By Malcolm Muggeridge. Published Feb 1934 by Eyre & Spottiswoode, London. Selections © Rae West 2000.

[1]
PREFACE
Pp 19-20: The vast army of sympathetic critics of the Soviet regime have done more to enhance its prestige than all its paid agitators and subsidised publications put together. By being sympathetic they have accepted its premises; and once the premises are accepted, criticism becomes irrelevant. As a Jew in the Soviet Foreign Office said to me once, with a wink, "Those that are not against us are for us." I quite agreed. It is no more possible to describe the Dictatorship of the Proletariat dispassionately than to describe a mad bull rushing round a field dispassionately. The moment you become dispassionate you automatically make the false assumption that the bull is not mad, and thereby vitiate anything further you may have to say about the matter. Of all the accounts of the Soviet regime that have been written and spoken, the falsest—the ones least related to the facts—are by people who affect to have no prejudices or convictions either way.
      ...
      It was as though the Salvation Army had turned out with band and banners in honour of some ferocious tribal deity, or as though the organ of a vegetarian society had issued a passionate plea for cannibalism.

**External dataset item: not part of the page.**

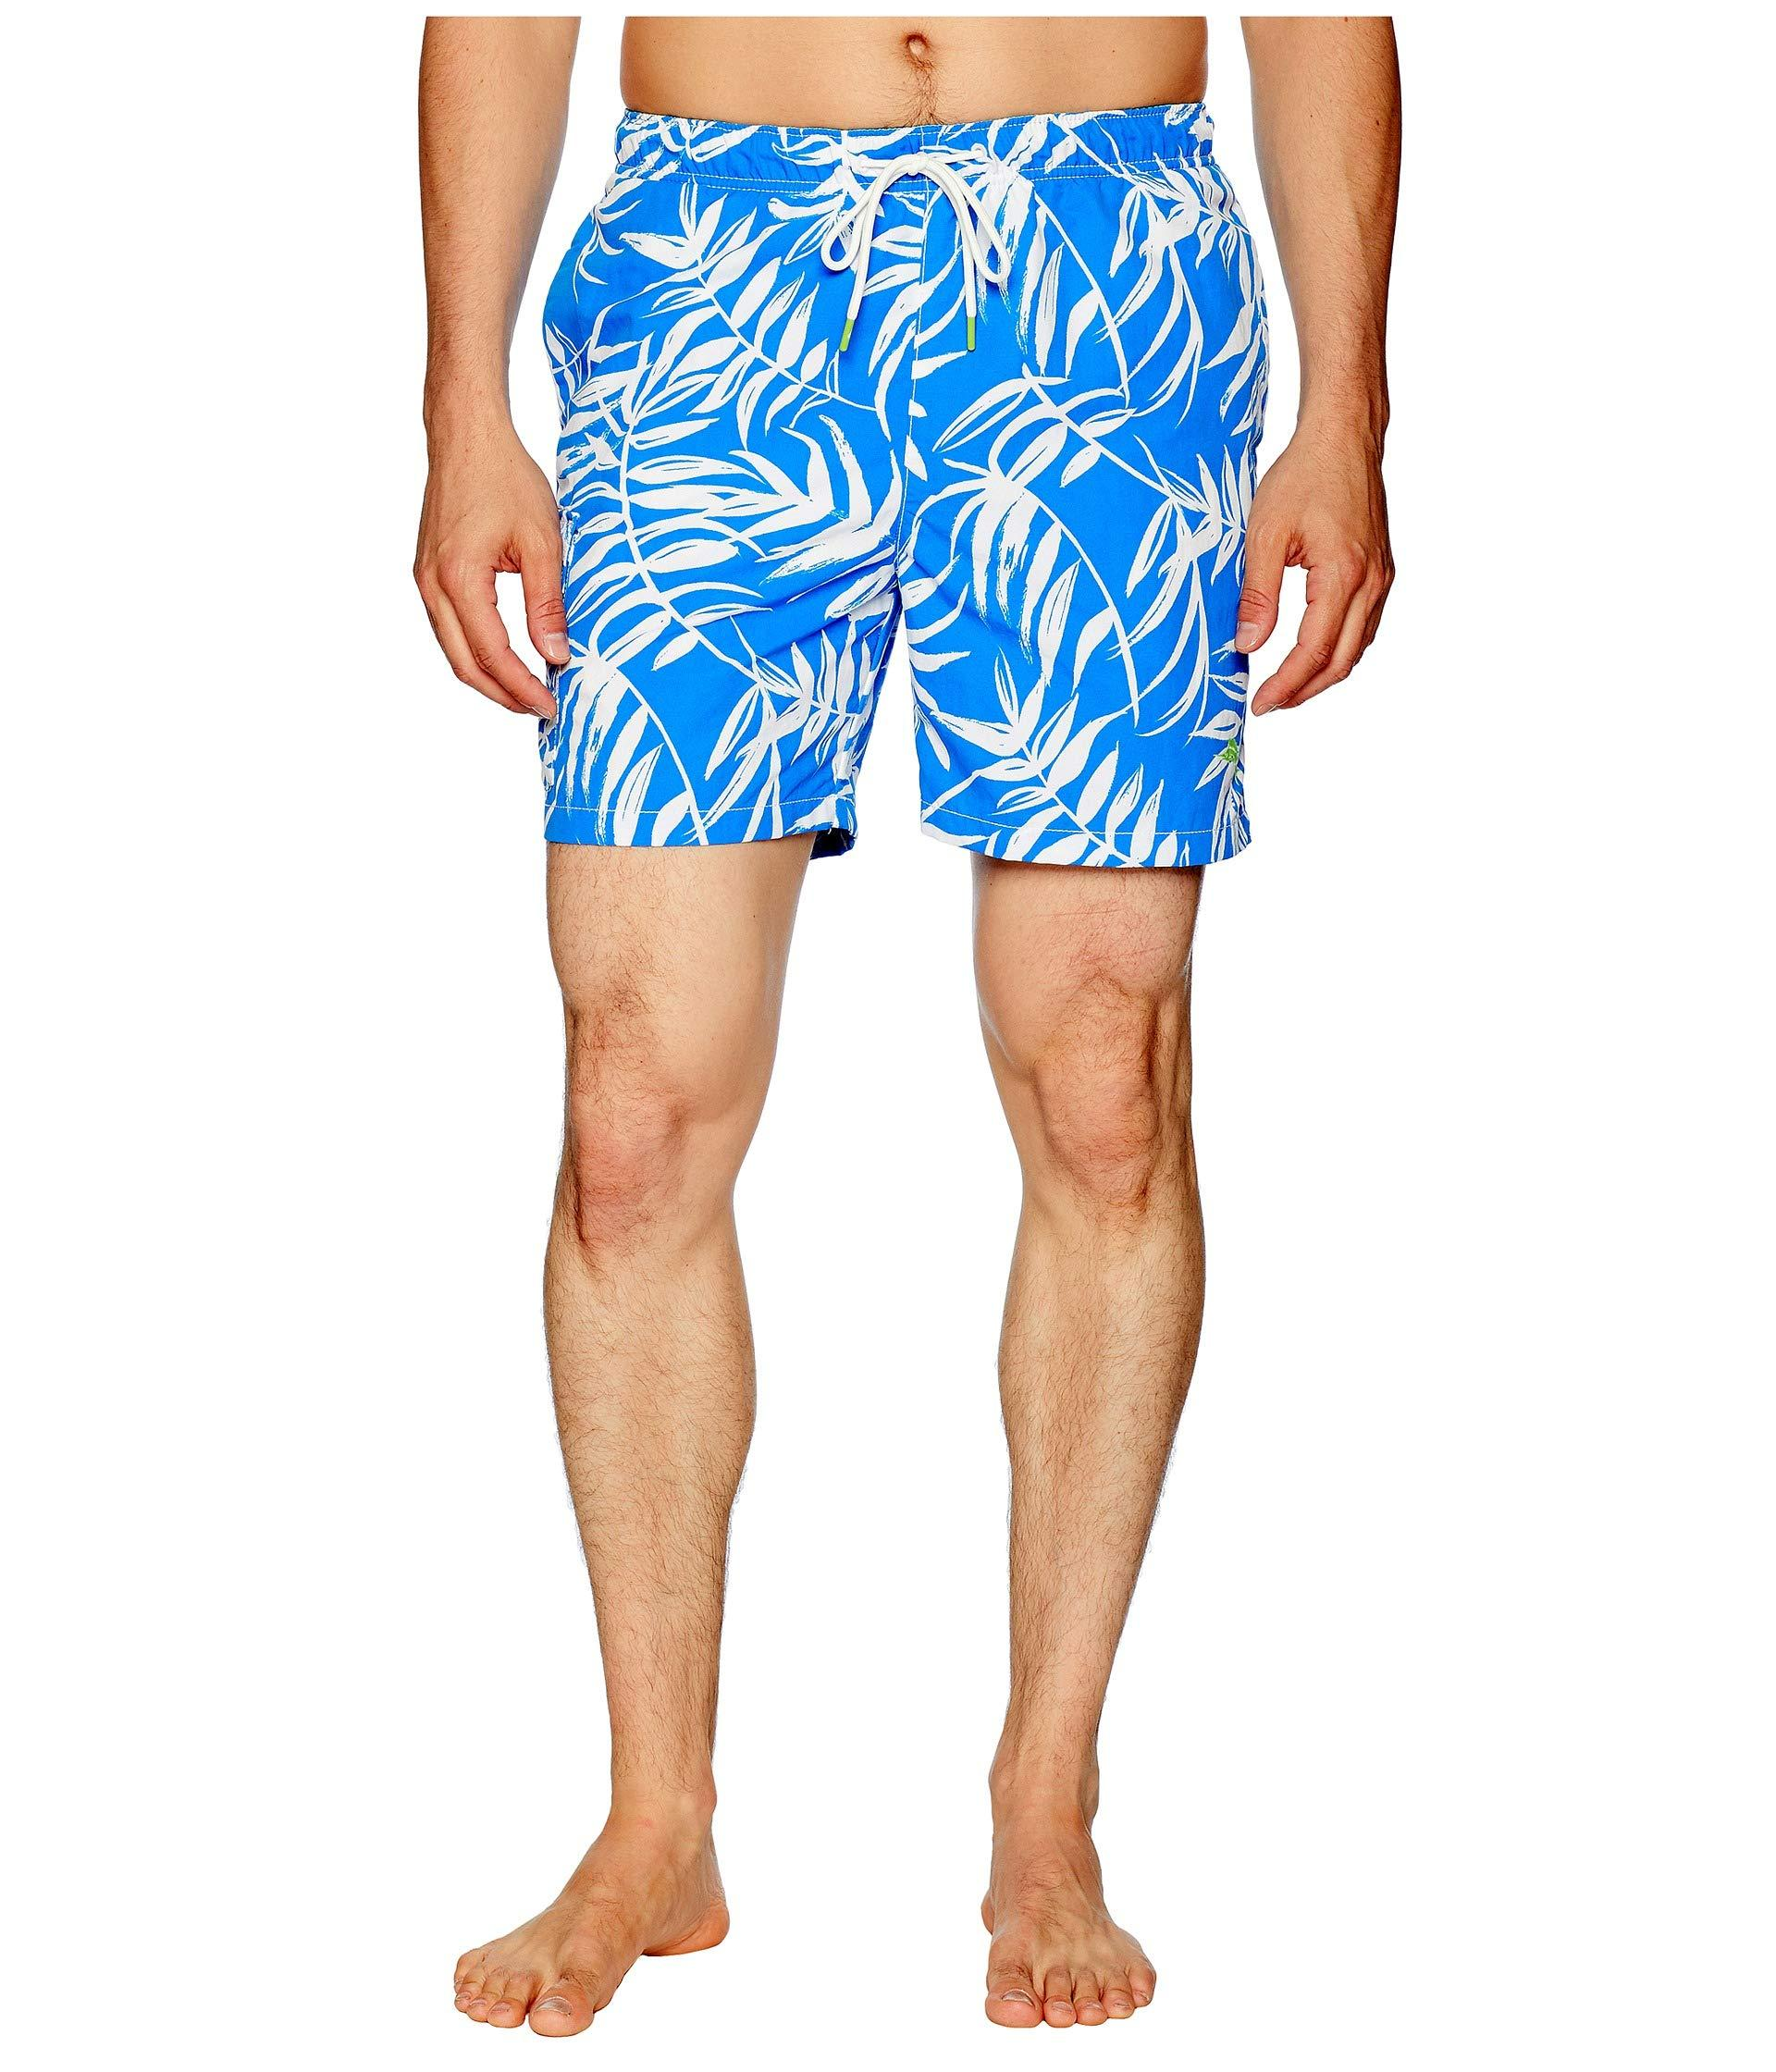 353308d19d Lyst - Tommy Bahama Naples Muy Caliente Swim Trunk in Blue for Men ...
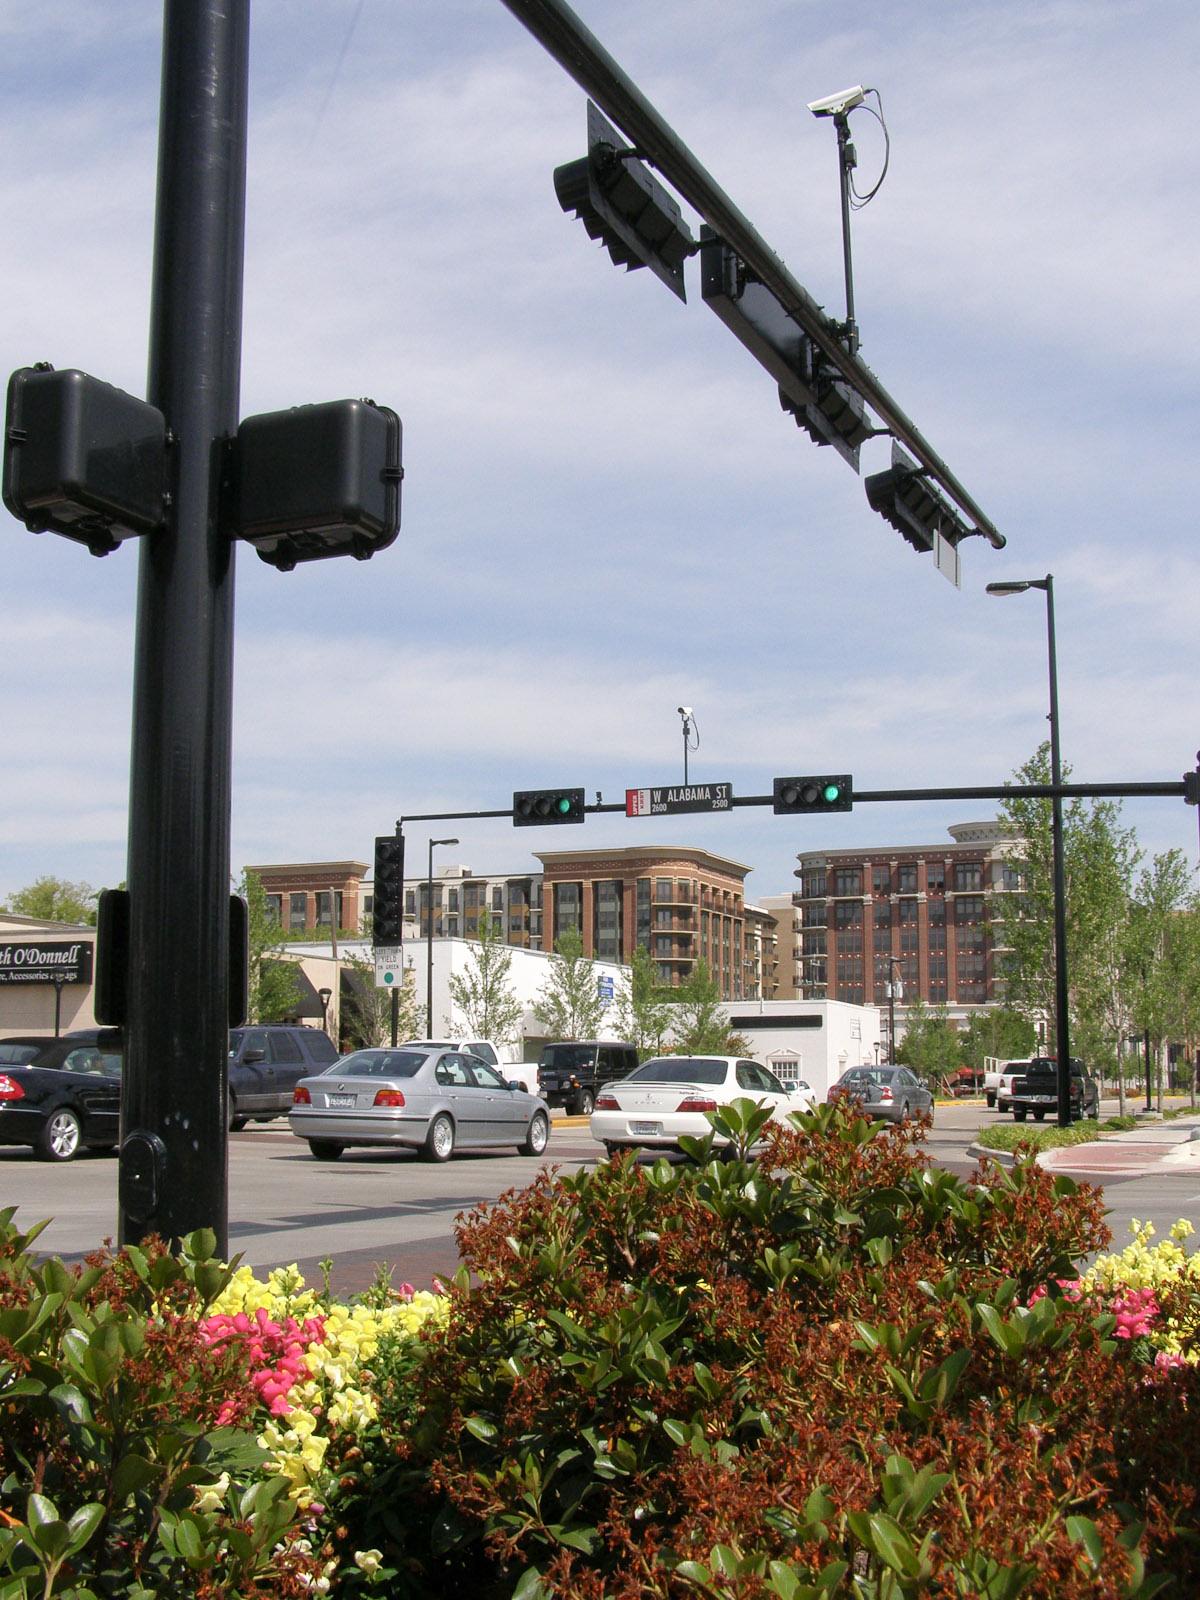 With traffic cameras gone, red light violations skyrocket

      In the classified list of stupidities and brutalities which I did not make, and which is not worth making (stupidities and brutalities, being universal, are neither here nor there), is one item which I have always promised myself the pleasure of stressing if ever I had the occasion. I refer to the position of foreign journalists in Russia, and to the manner in which news about Russia reaches outside. There is a stiff censorship, of course; but it is not generally known that foreign journalists in Moscow work under the perpetual threat of losing their visas, and therefore their jobs. Unless they consent (which most of them do) to limit their news to what they know will not be displeasing to the Dictatorship of the Proletariat, they are subjected to continuous persecution, varying from tiresome reproaches from petty Jewish Foreign Office officials to the imprisonment and exiling of any friends or relatives they may have who are unfortunate enough to be Soviet citizens. The result is that news from Russia is a joke, ....
[2]
Pp. 22-23: "Her book, Sex and the Soviets, made a great sensation in the States."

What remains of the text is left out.